Hundert Jahre Arbeiterkammer. Ein stolzes Alter, gewiss. Aber auch ein Verdienst? Was hat die Institution zur gesellschaftlichen Entwicklung beigetragen? Geleistet für die Demokratisierung der Republik, die Festigung des Rechtsstaates, den sozialen Ausgleich?
Aufgaben und Leistungen
In Österreich sind die – in den Bundesländern autonom eingerichteten – Arbeiterkammern und die Bundesarbeitskammer „berufen, die sozialen, wirtschaftlichen, beruflichen und kulturellen Interessen der Arbeitnehmer und Arbeitnehmerinnen zu vertreten und zu fördern“.[3] Die übrigen europäischen Arbeiterkammern– Bremen und Saarland in Deutschland sowie Luxemburg – nennen noch weitere Förderziele: Die Arbeiterkammern von Saarland und Bremen heben ausdrücklich ökonomische Interessen hervor, Bremen zudem die Gleichberechtigung der Geschlechter.[4] Alle drei nicht österreichischen Kammern zählen auch die „Integration von Ausländern und Ausländerinnen“ zu ihren vornehmlichsten Aufgaben.[5]

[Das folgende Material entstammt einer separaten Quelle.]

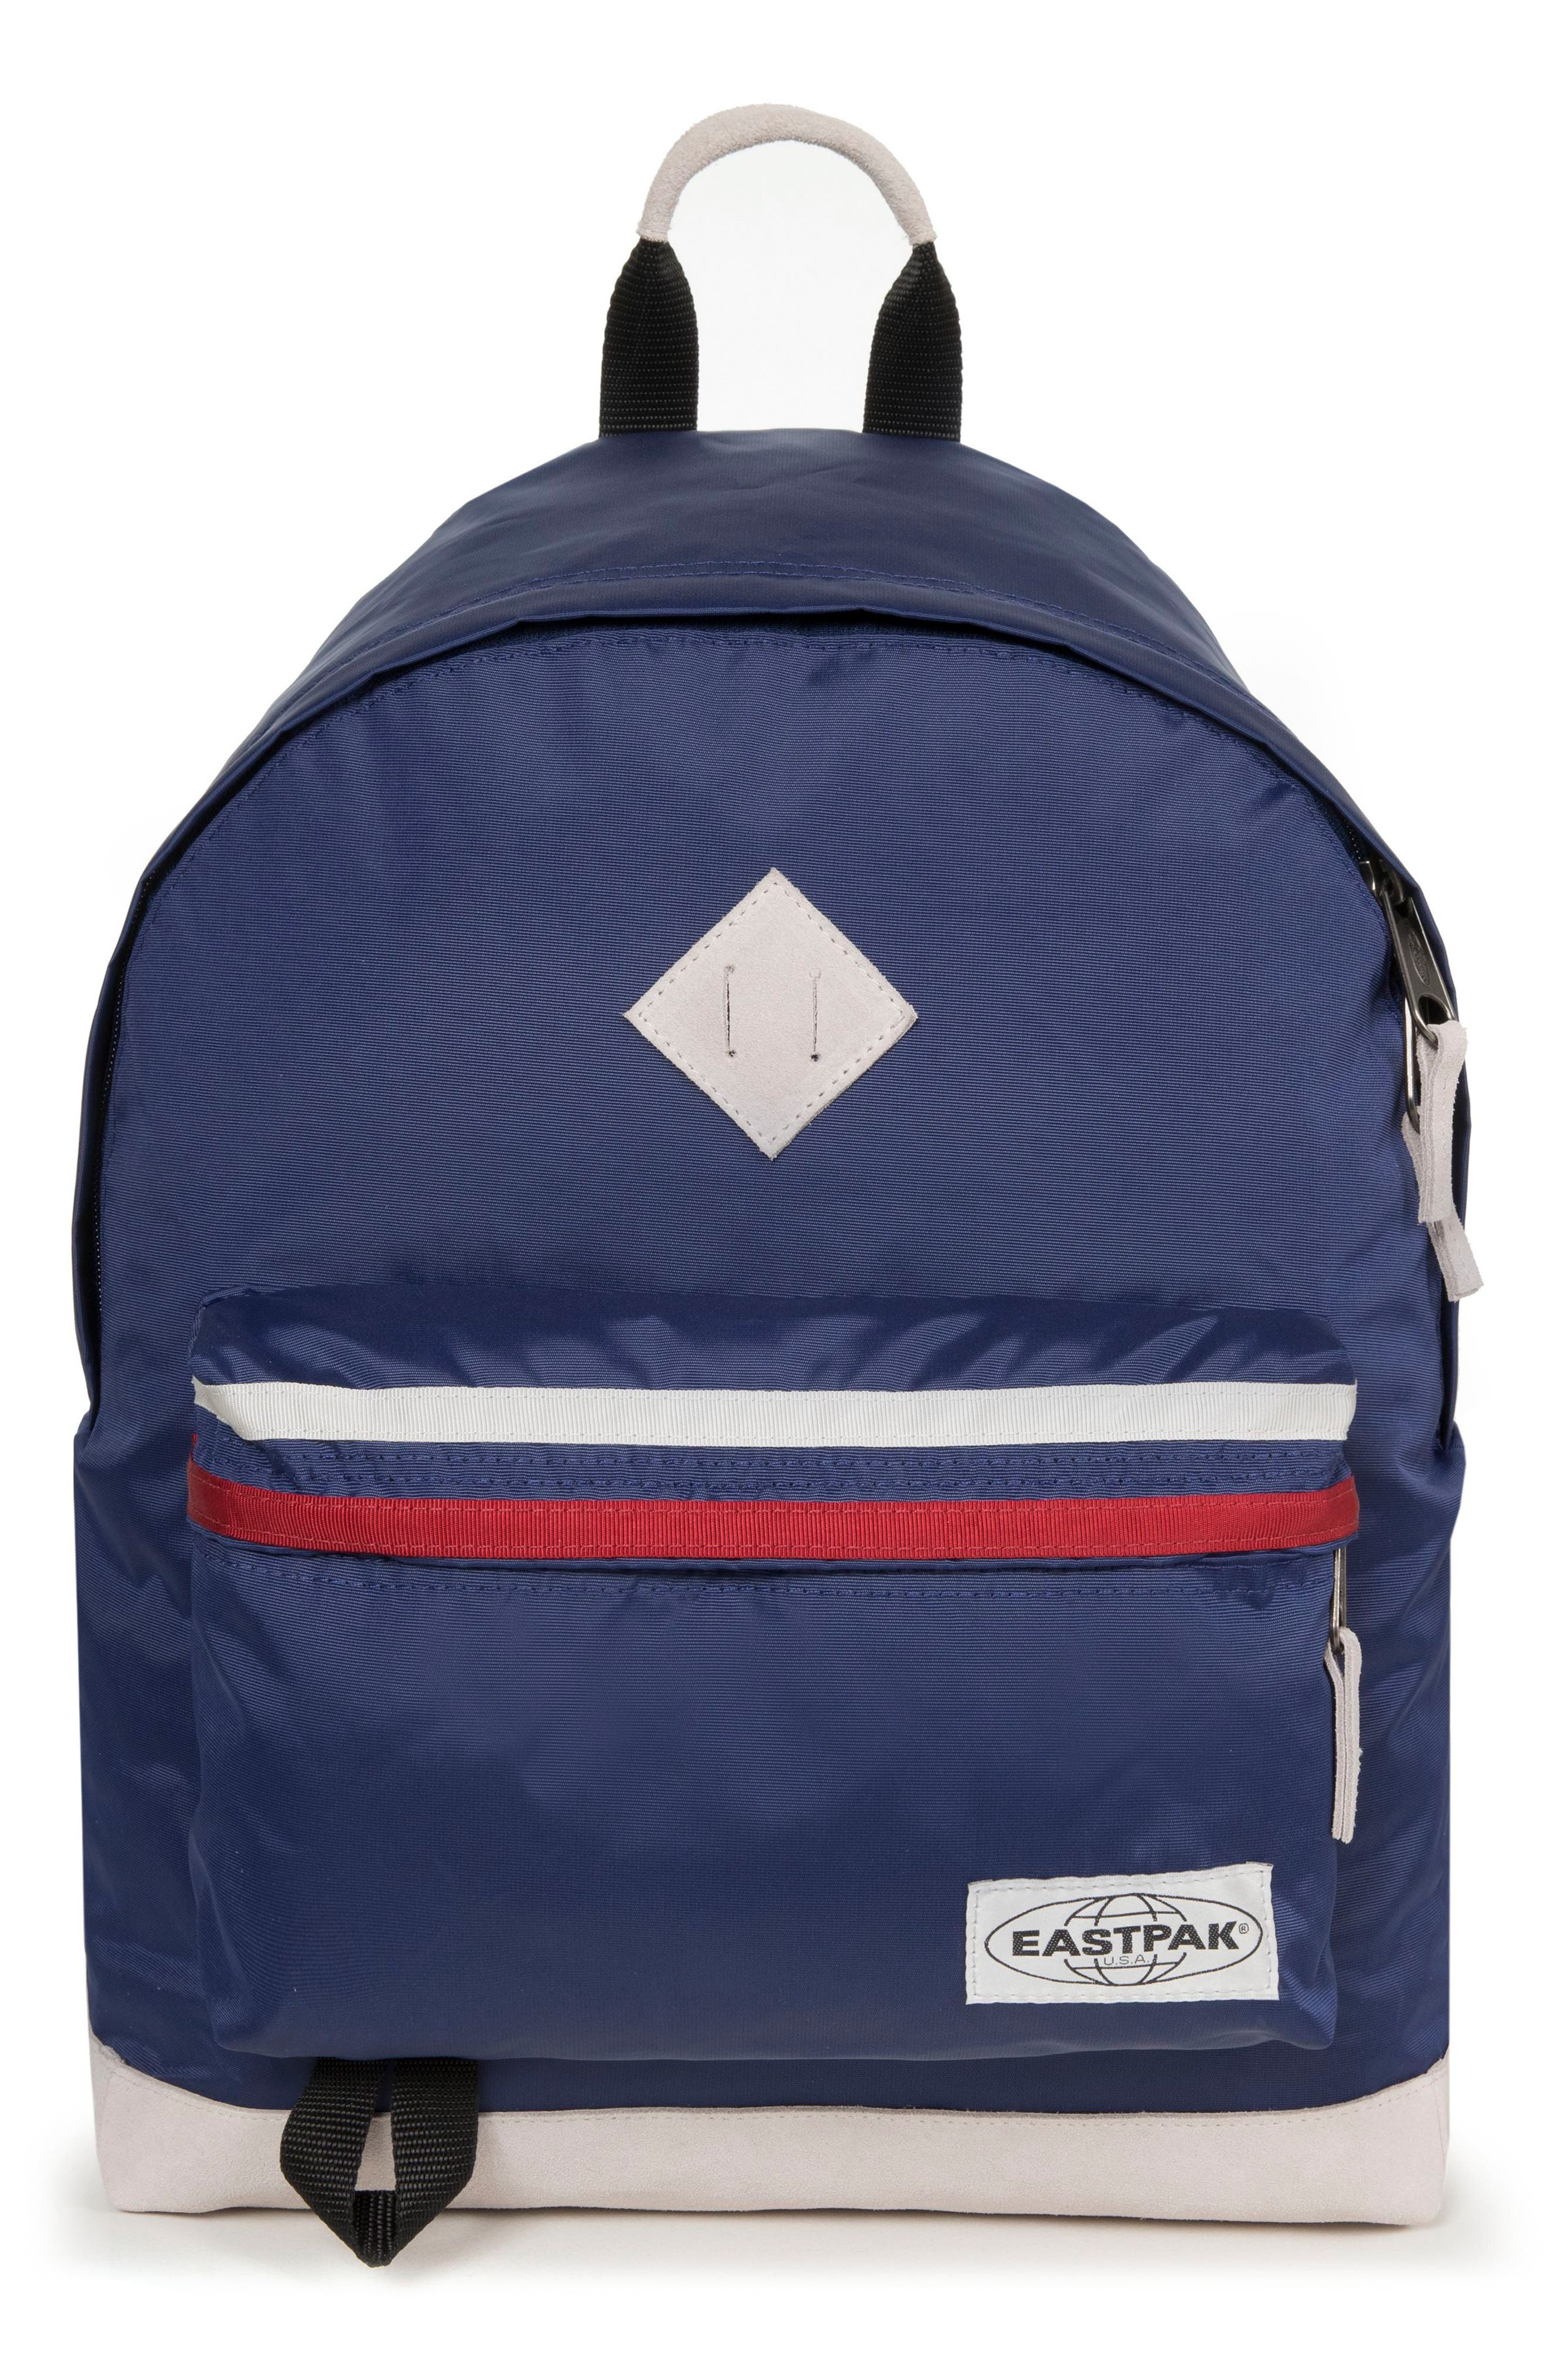 Eastpak Wyoming 13-Inch Laptop Backpack - Blue
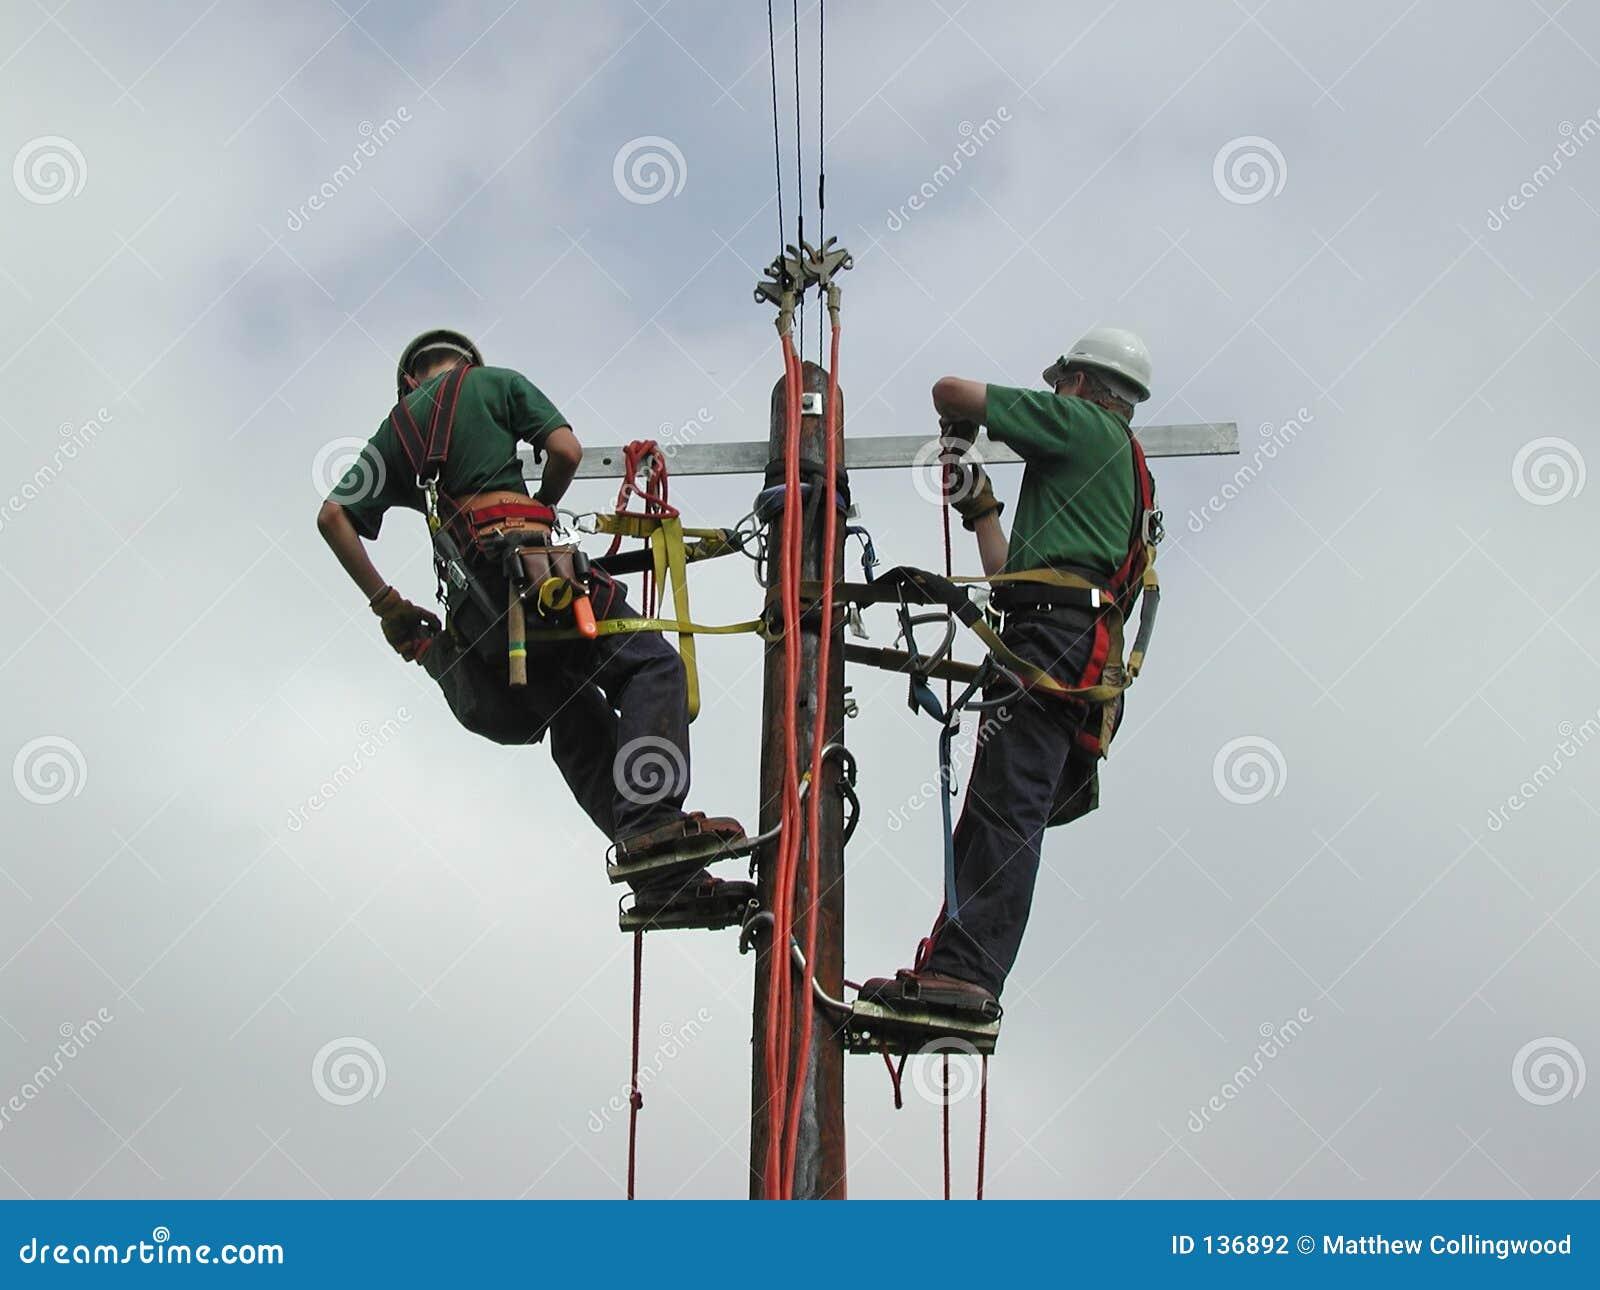 Power Lineman Stock Photography - Image: 136892

In den Anfängen der Ersten Republik hatten die Arbeiterkammern prioritär physischen Raum für ihre Tätigkeiten zu schaffen. Sie setzten ihre Schwerpunkte in Bildung und gutachterlicher Expertise. Dazu kamen erste Ansätze von Rechtsberatung und -vertretung. In der Steiermark, in Graz, errichtete die Arbeiterkammer ihr repräsentatives Gebäude in der Hans-Resel-Gasse. 1927 folgte das Haus am Buchmüllerplatz in Leoben als erste Außenstelle. Das Sportstadion in Eggenberg hat die Kammer 1927 begründet, heute befindet sich hier ein städtisches Freibad.
Nach 1945 stieg die Arbeiterkammer mit dem ÖBG sowie der Wirtschafts- und Landwirtschaftskammer zu einem Pfeiler der legendären österreichischen Sozialpartnerschaft auf. Sie steht damit für jene soziale und wirtschaftliche Stabilität, die die Grundlage für die Erfolgsstory Österreich schuf. Die Krisen Ende des 20. Jahrhunderts - noch heute verbunden mit den Namen des Präsidenten und des Kammerdirektors in der Steiermark - führten zu einem enormen Modernisierungsschub. Das Arbeiterkammergesetz 1992 verankerte einen gesetzlichen Anspruch auf Rechtsberatung und -vertretung. Allein 2019 wurden österreichweit mehr als 2 Millionen Beratungen und 46.500 Vertretungen vor Gericht vorgenommen. In Arbeitsrechtssachen wurden € 78,5 Millionen erstritten, in Insolvenzverfahren € 160 Millionen erwirkt. Dazu kommen die Beratungen in Wirtschafts- und Bildungsfragen. Alle maßgeblichen Gesetze der Republik und der Länder werden begutachtet, in zahlreichen Resolutionen der Voll- und Hauptversammlungen Forderungen an Parlamente und Regierungen zur Verbesserung der Lage der Arbeitnehmerschaft formuliert. Im Rahmen einer Digitalisierungsoffensive wurden 2019 für betriebliche Entwicklungsprojekte € 3,8 Millionen an Fördergeldern ausgeschüttet.
Die Arbeiterkammeridee
In der Entwicklung der Arbeiterkammeridee seit Beginn des 19. Jahrhunderts zeigen sich europaweit unterschiedliche Inhalte und Ziele. Doch sind im internationalen Vergleich zwei gemeinsame Linien, die öffentlich-rechtliche Arbeitnehmerinteressenvertretungen vorantrieben, klar zu erkennen.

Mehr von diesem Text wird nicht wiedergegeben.